Entries provided Start Marker

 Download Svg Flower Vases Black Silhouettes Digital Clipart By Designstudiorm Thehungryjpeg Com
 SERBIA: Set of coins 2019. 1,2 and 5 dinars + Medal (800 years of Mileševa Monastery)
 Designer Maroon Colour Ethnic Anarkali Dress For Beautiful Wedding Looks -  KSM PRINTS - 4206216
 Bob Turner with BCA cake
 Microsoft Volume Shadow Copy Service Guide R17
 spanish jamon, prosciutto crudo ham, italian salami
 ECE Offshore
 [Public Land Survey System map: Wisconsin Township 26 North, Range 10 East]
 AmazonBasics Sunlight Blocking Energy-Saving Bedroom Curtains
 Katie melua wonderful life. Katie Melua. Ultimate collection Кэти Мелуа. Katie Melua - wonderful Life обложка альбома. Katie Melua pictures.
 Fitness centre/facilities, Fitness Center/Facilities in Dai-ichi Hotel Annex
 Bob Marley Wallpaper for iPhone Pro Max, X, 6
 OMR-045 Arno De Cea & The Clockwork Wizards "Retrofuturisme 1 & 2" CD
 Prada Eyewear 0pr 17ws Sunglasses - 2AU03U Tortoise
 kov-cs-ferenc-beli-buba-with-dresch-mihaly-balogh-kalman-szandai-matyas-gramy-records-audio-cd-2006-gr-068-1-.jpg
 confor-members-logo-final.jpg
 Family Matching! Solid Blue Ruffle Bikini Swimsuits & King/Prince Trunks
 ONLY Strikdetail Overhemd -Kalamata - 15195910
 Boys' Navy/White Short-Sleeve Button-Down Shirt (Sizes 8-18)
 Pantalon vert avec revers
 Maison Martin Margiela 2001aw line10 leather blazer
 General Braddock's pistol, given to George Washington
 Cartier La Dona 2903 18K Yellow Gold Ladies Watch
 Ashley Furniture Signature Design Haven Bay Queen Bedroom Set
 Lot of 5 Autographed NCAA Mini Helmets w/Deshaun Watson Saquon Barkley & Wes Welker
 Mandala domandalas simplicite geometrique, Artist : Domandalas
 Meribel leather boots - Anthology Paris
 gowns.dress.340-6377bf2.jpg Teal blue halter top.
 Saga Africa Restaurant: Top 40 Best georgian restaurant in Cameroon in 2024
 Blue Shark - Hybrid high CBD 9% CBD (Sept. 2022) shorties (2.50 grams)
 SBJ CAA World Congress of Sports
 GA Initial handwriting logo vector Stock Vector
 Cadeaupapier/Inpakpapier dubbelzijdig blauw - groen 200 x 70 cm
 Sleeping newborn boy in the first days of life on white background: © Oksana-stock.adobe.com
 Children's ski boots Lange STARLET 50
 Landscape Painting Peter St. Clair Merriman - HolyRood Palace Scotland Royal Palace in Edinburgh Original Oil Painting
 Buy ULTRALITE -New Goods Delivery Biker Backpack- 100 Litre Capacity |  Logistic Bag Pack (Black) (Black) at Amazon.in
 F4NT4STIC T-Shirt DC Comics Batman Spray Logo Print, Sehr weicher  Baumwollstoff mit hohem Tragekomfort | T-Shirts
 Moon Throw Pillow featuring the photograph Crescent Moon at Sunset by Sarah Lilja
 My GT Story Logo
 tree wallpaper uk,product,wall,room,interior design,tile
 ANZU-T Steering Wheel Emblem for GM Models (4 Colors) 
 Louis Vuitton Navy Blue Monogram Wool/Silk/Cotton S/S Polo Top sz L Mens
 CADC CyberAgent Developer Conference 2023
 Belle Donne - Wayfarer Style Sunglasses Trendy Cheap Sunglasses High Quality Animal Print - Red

Entries provided End Marker

#### Assignment:
Return the lines from the one containing "Buy ULTRALITE -New" through the last line of the records. Include both ends and nothing else.

#### Answer area:
 Buy ULTRALITE -New Goods Delivery Biker Backpack- 100 Litre Capacity |  Logistic Bag Pack (Black) (Black) at Amazon.in
 F4NT4STIC T-Shirt DC Comics Batman Spray Logo Print, Sehr weicher  Baumwollstoff mit hohem Tragekomfort | T-Shirts
 Moon Throw Pillow featuring the photograph Crescent Moon at Sunset by Sarah Lilja
 My GT Story Logo
 tree wallpaper uk,product,wall,room,interior design,tile
 ANZU-T Steering Wheel Emblem for GM Models (4 Colors) 
 Louis Vuitton Navy Blue Monogram Wool/Silk/Cotton S/S Polo Top sz L Mens
 CADC CyberAgent Developer Conference 2023
 Belle Donne - Wayfarer Style Sunglasses Trendy Cheap Sunglasses High Quality Animal Print - Red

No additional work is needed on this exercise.